How do you find the optimal number of topics in topic modeling? ›

To decide on a suitable number of topics, you can compare the goodness-of-fit of LDA models fit with varying numbers of topics. You can evaluate the goodness-of-fit of an LDA model by calculating the perplexity of a held-out set of documents. The perplexity indicates how well the model describes a set of documents.

What is the alternative to LDA topic modeling? ›

Hierarchical latent tree analysis (HLTA) is an alternative to LDA, which models word co-occurrence using a tree of latent variables and the states of the latent variables, which correspond to soft clusters of documents, are interpreted as topics.

What is the hardest topic in algorithms? ›

In the realm of algorithms, the hardest algorithm is often considered to be the Traveling Salesman Problem (TSP). This is an optimization problem that revolves around finding the shortest possible route a salesman must take to visit a given number of cities exactly once and return to the starting city.

What are the two algorithms for topic modeling? ›

The most established go-to techniques for topic modeling is Latent Dirichlet allocation (LDA) and non-negative matrix factorization (NMF).

How many documents do you need for topic modeling? ›

The minimum number of documents needed for topic modeling is 20.

Is topic modelling quantitative or qualitative? ›

We argue topic modeling is a useful method for the descriptive analysis of unstructured social media data sets, and is best used as part of a mixed-method strategy, with topic model results guiding deeper qualitative analysis.

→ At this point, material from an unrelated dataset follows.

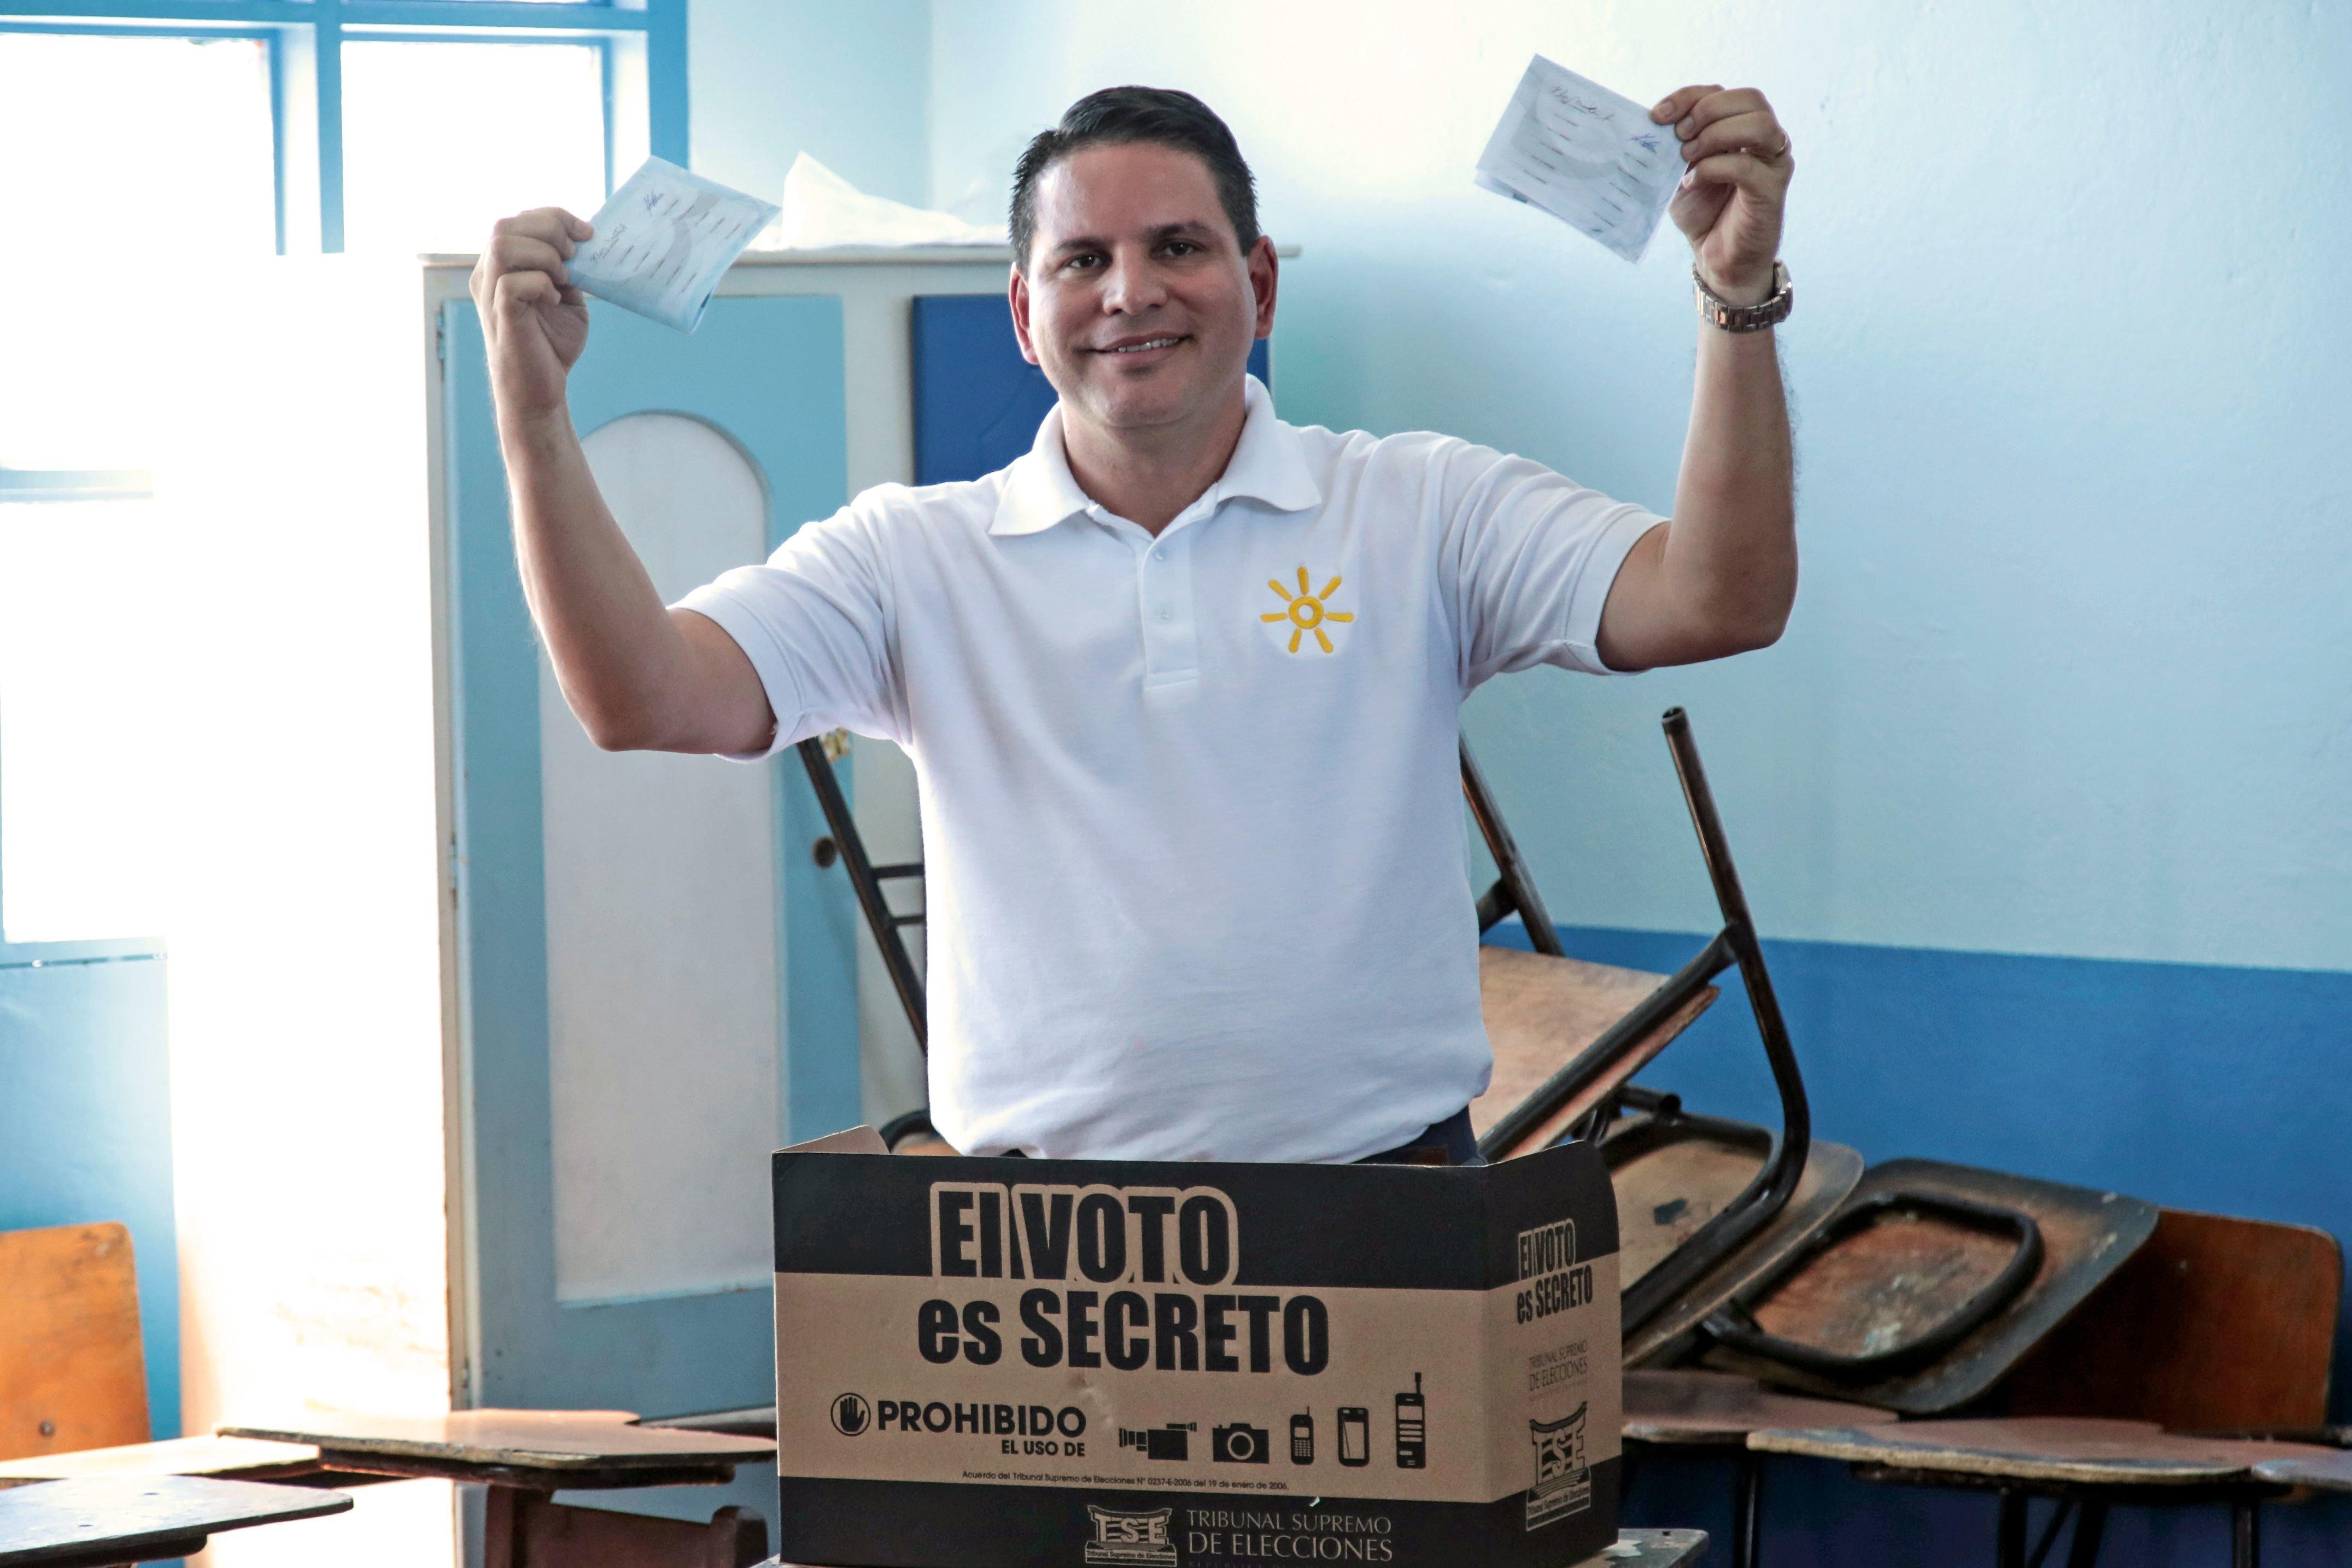 Κόστα Ρίκα: Ευαγγελικός πάστορας, τηλεπερσόνα και τραγουδιστής ο υποψήφιος που προηγείται στον πρώτο γύρο των προεδρικών

Can BERT be used for topic modelling? ›

BERT is a Natural Language Processing Model proposed by Google Researchers [14]. This topic modeling technique uses transformers (BERT embeddings) and class-based TF-IDF to generate dense clusters [16].

How to choose the number of topics for LDA? ›

The selection of the optimal number of topics for LDA models can be based either on measures of topic quality (similarity or coherence) or on measures of goodness-of-fit and model complexity. models is determined by the numbers of topics in candidate models: K ∈ {Kmin,...,Kmax}.

What is a good coherence score topic modeling? ›

In topic modeling, topic coherence measures the quality of the data by comparing the semantic similarity between highly repetitive words in a topic [10]. Coherence score is a scale from 0 to 1 in which a good coherence (high similarity) has a score of 1, and a bad coherence (low similarity) has a score of 0 [11].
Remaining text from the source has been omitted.